● Dataset content:

- - -

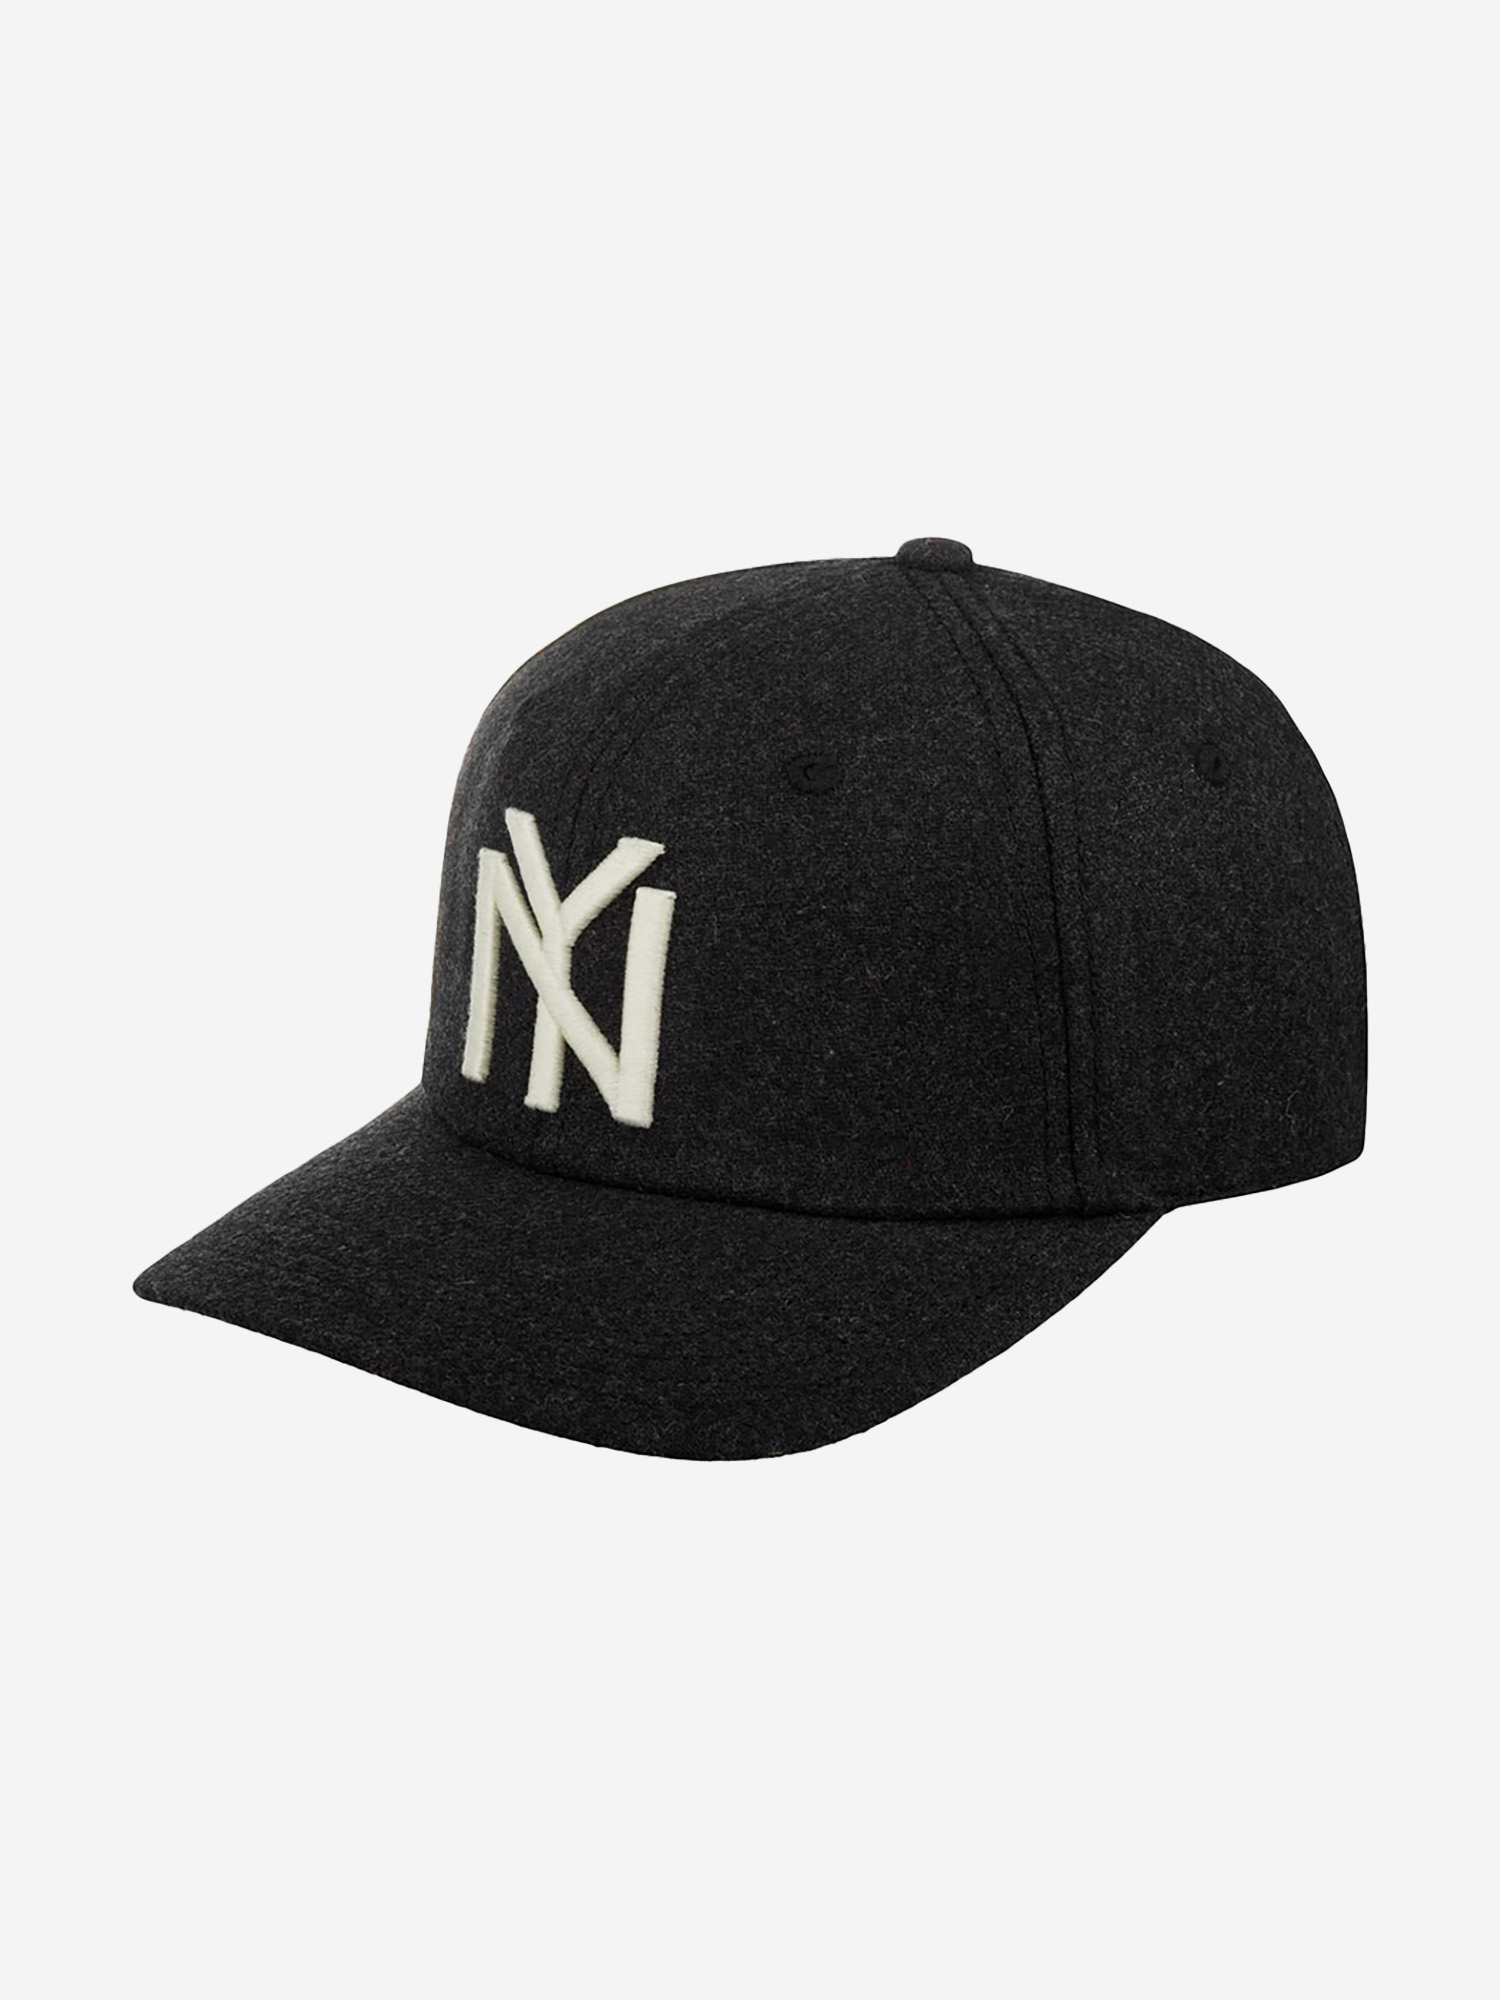 Бейсболка AMERICAN NEEDLE 21005A-NBY New York Black Yankees Archive Legend NL (черный), Черный шапка с отворотом american needle 21019a nby new york black yankees cuffed knit nl
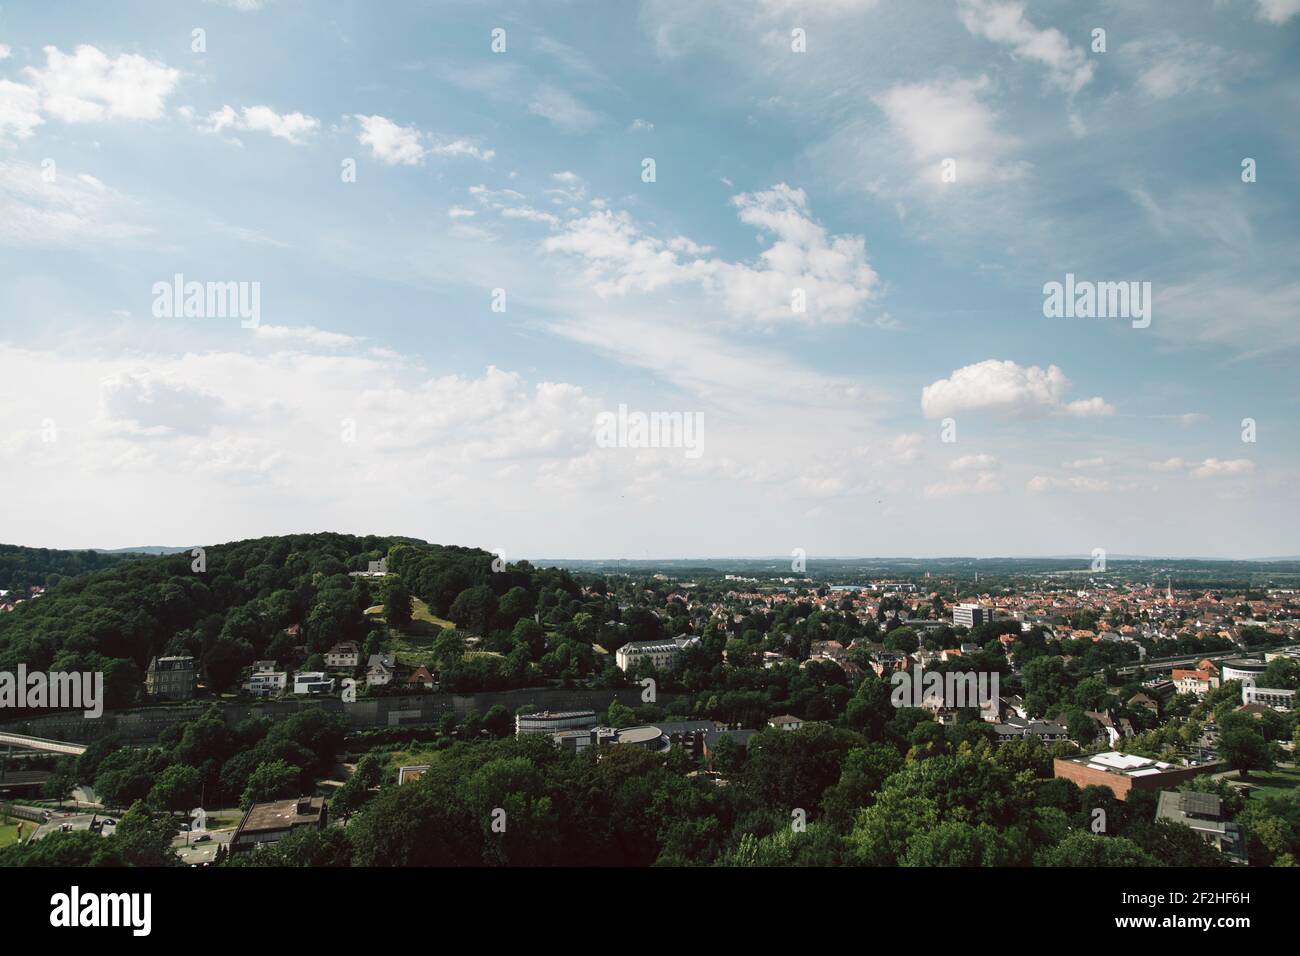 Germany, North Rhine-Westphalia, Bielefeld, city view Stock Photo
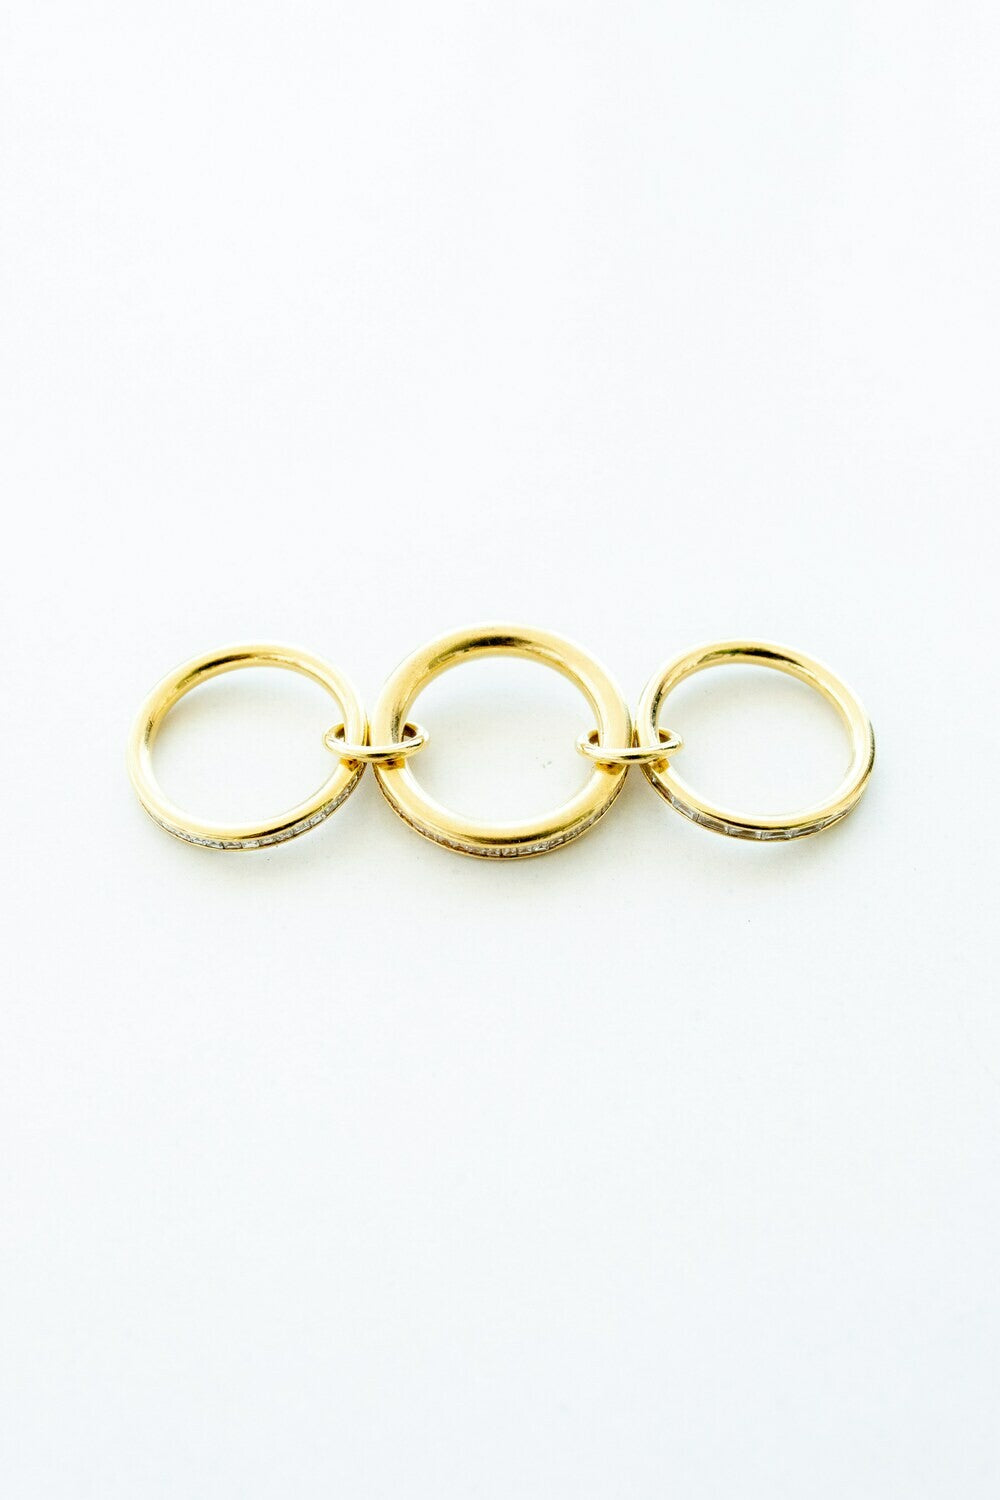 Spinelli-Kilcollin-manava-set-of-three-18k-yellow-gold-and-diamond-rings-amarees
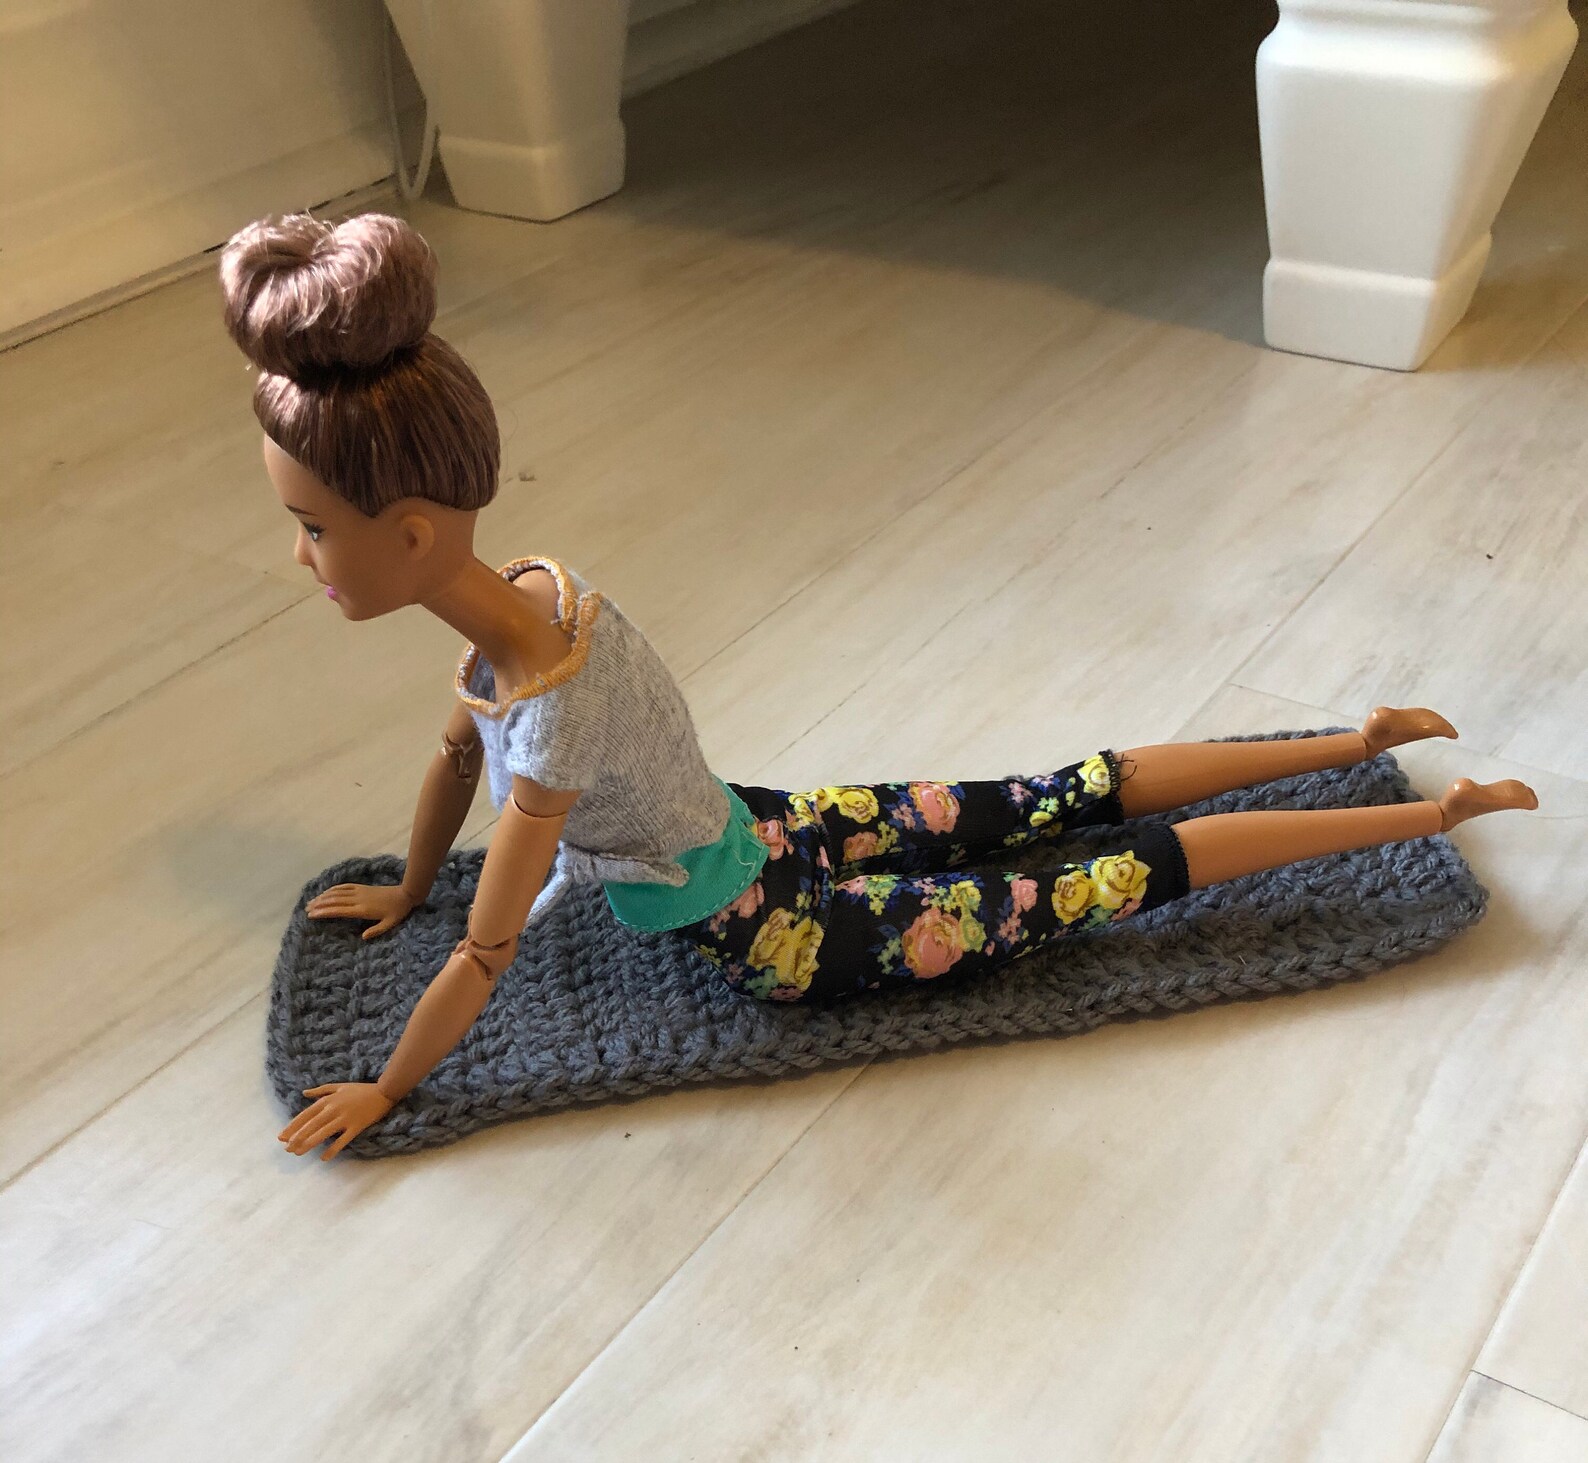 Handmade yoga mat for Barbie crochet amigurumi any color

- - -

● Work to complete:
No pictures belong in the answer; copy all other parts of the listing exactly.

● Your response:
 Бейсболка AMERICAN NEEDLE 21005A-NBY New York Black Yankees Archive Legend NL (черный), Черный шапка с отворотом american needle 21019a nby new york black yankees cuffed knit nl
 Germany, North Rhine-Westphalia, Bielefeld, city view Stock Photo
 Spinelli-Kilcollin-manava-set-of-three-18k-yellow-gold-and-diamond-rings-amarees
 Handmade yoga mat for Barbie crochet amigurumi any color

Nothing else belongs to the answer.